The San Francisco Examiner San Francisco, California Monday, July 10, 1972 - Page 20
Will Chess Become Great Spectator Sport? by Joel Tiumak
Chess has all the ingredients of a great spectator sport — for the edification of sceptics who view tomorrow's television re-creation of the Fischer-Spassky world chess championship without much fervor.
True, there are some drawbacks — but if you're objective, you cannot fail to see that chess is on its way competing with football, baseball, basketball and tennis as one of America's top sports attractions.
Like football and baseball, chess is readily accessible to sport fans — except chess is cheaper, even free.
Just go to the Golden Gate Park recreation tables at Stanyan and Page Streets and you'll see chess matches free of charge — minor league, of course, but some of the players are so fascinating to watch.

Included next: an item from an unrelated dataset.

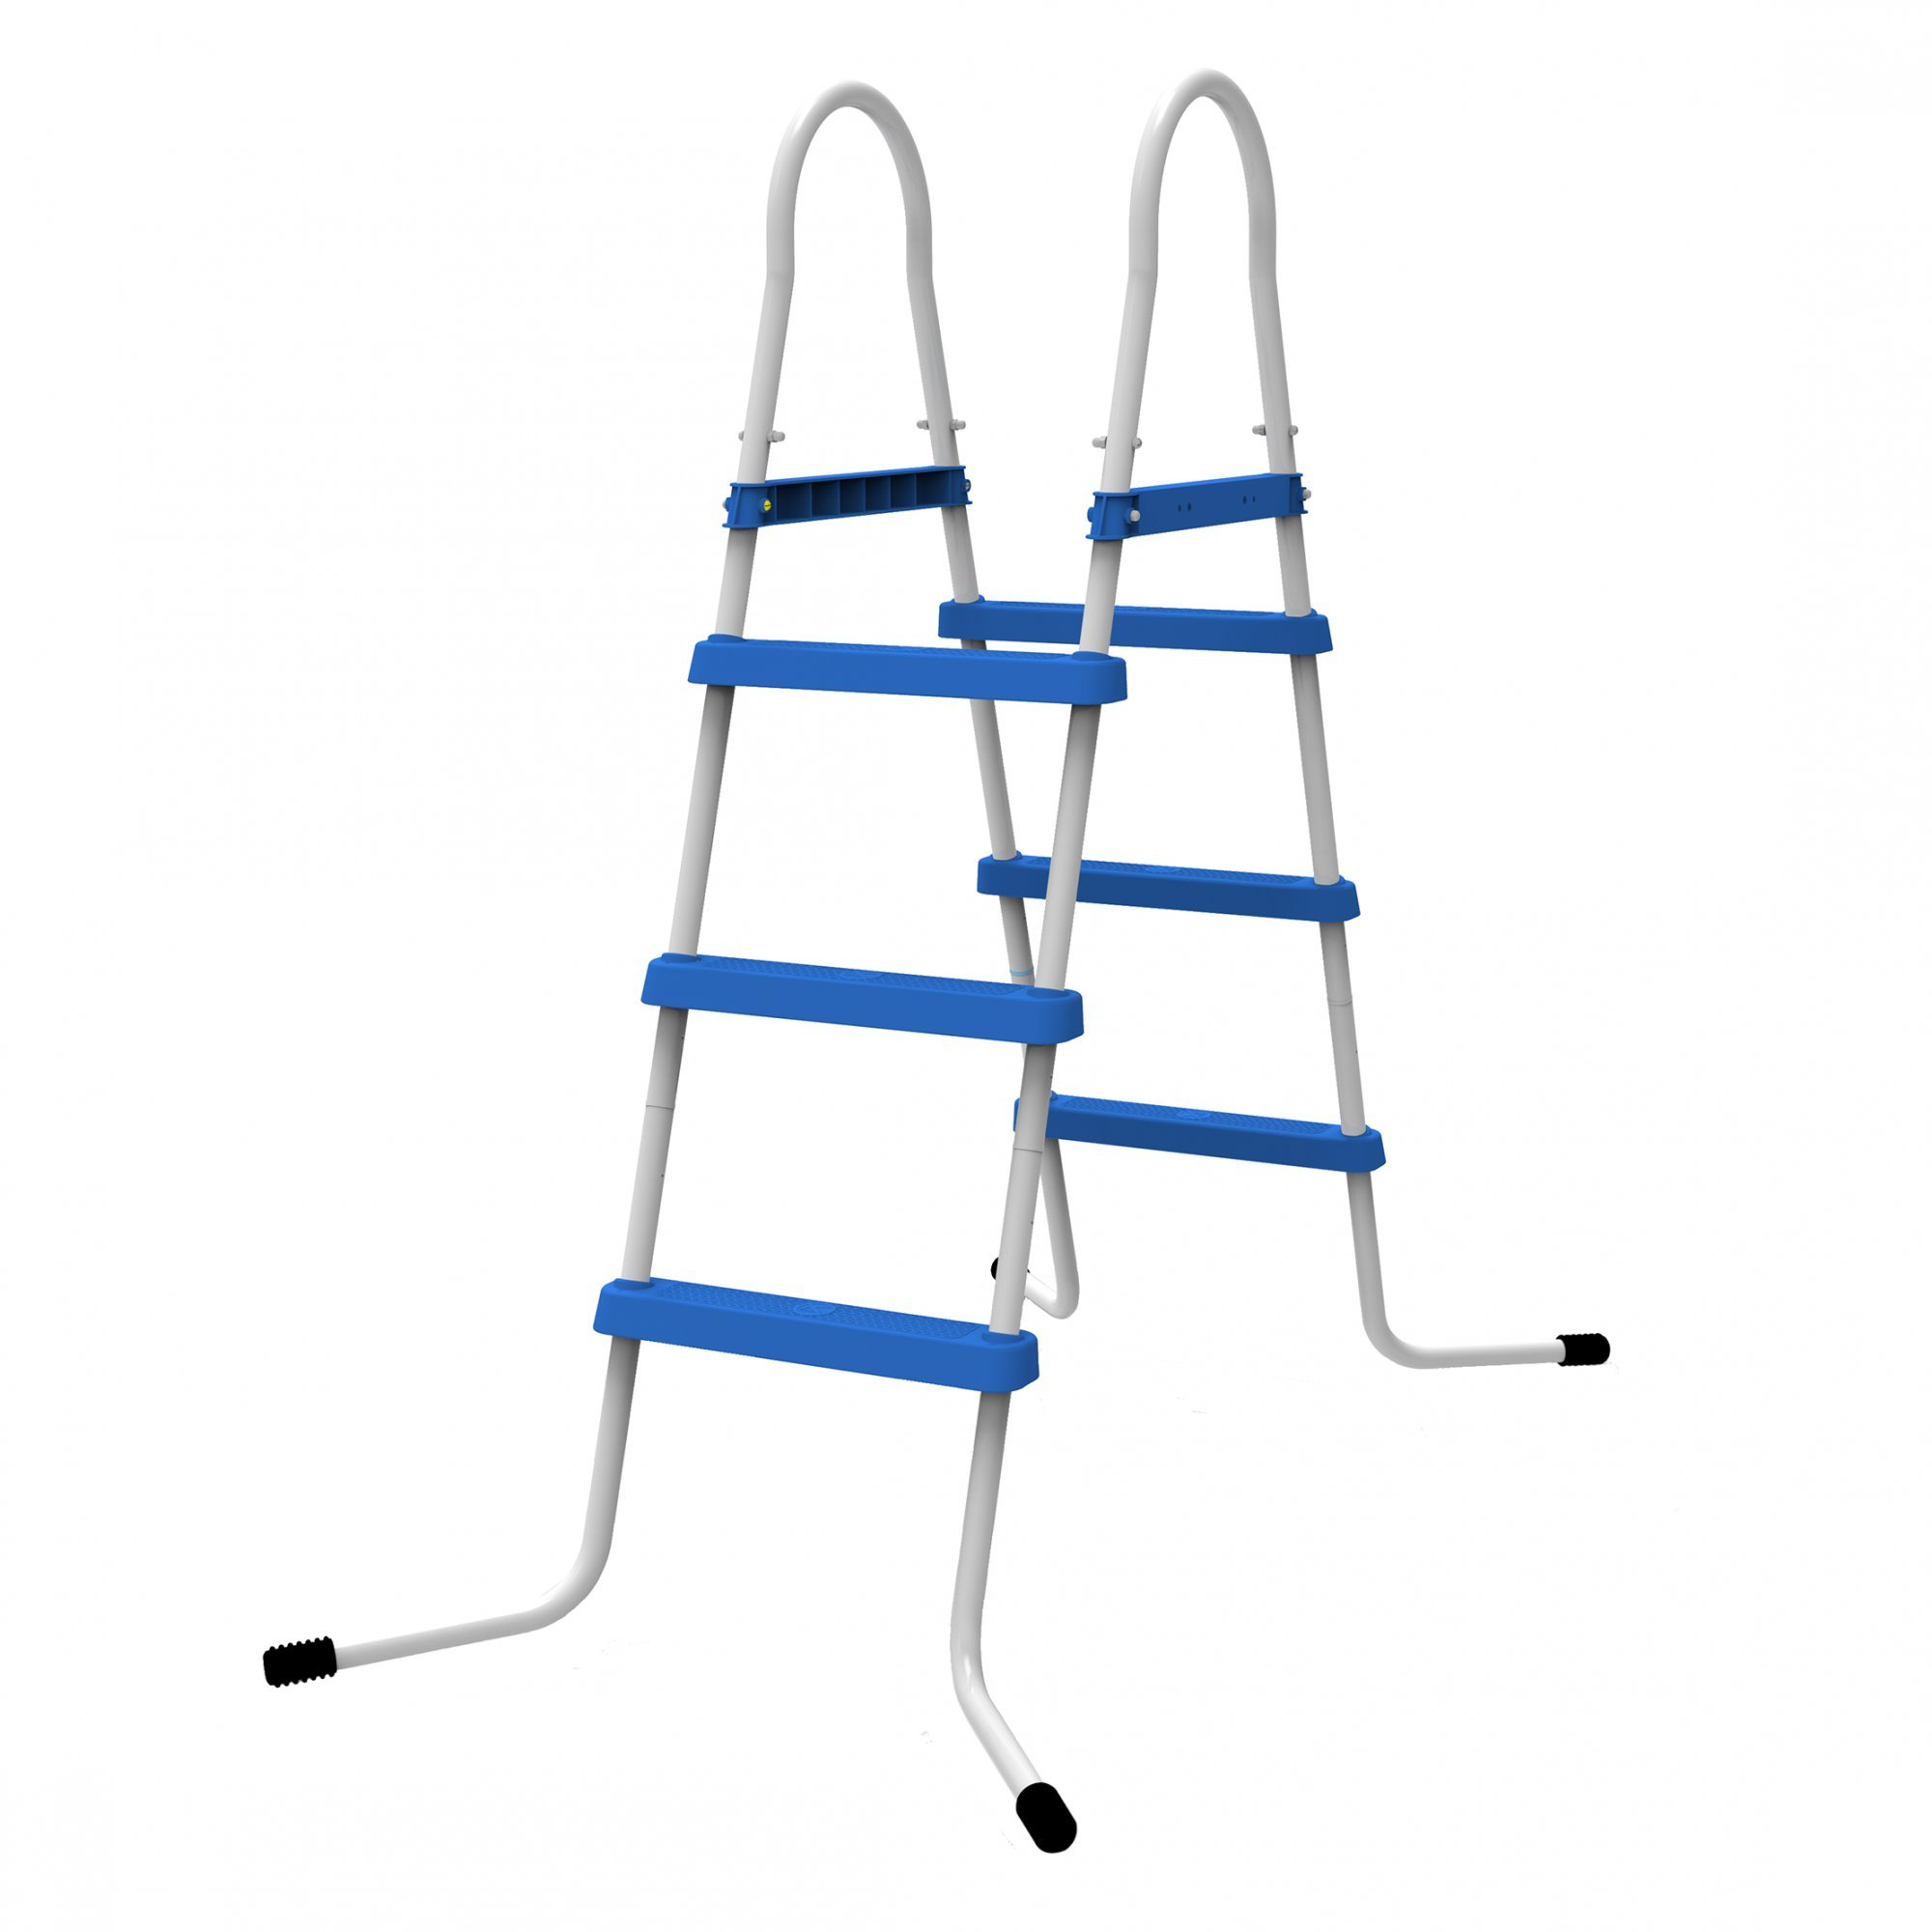 Jilong 3 Niveles Pool Escalera para Piscina Pared Alturas hasta 109 cm, Azul, 80 x 60 x 140 cm, 29r145: Amazon.es: Jardín

Or go to the Mechanics' Institute at 57 Post St., where San Francisco's chess center is located on the Fourth Floor. Here, too, the matches are free. But this is the big league — and the atmosphere is quite different from the Golden Gate Park scene.
“Banging the chess or checker pieces or making any unnecessary noise when resetting them will not be tolerated” says one of the rules posted on the wall of the institute's Chess and Checker Room.
While in Golden Gate Park some of the chess players look like they might also be rabid baseball fans and beer guzzlers, at the Mechanics' Institute, the players look more remote from life's everyday's frenzies.
Compete in Trance
But in both the minor and major leagues of chess, all players compete in a trance — not unlike the trances yogis are famous for.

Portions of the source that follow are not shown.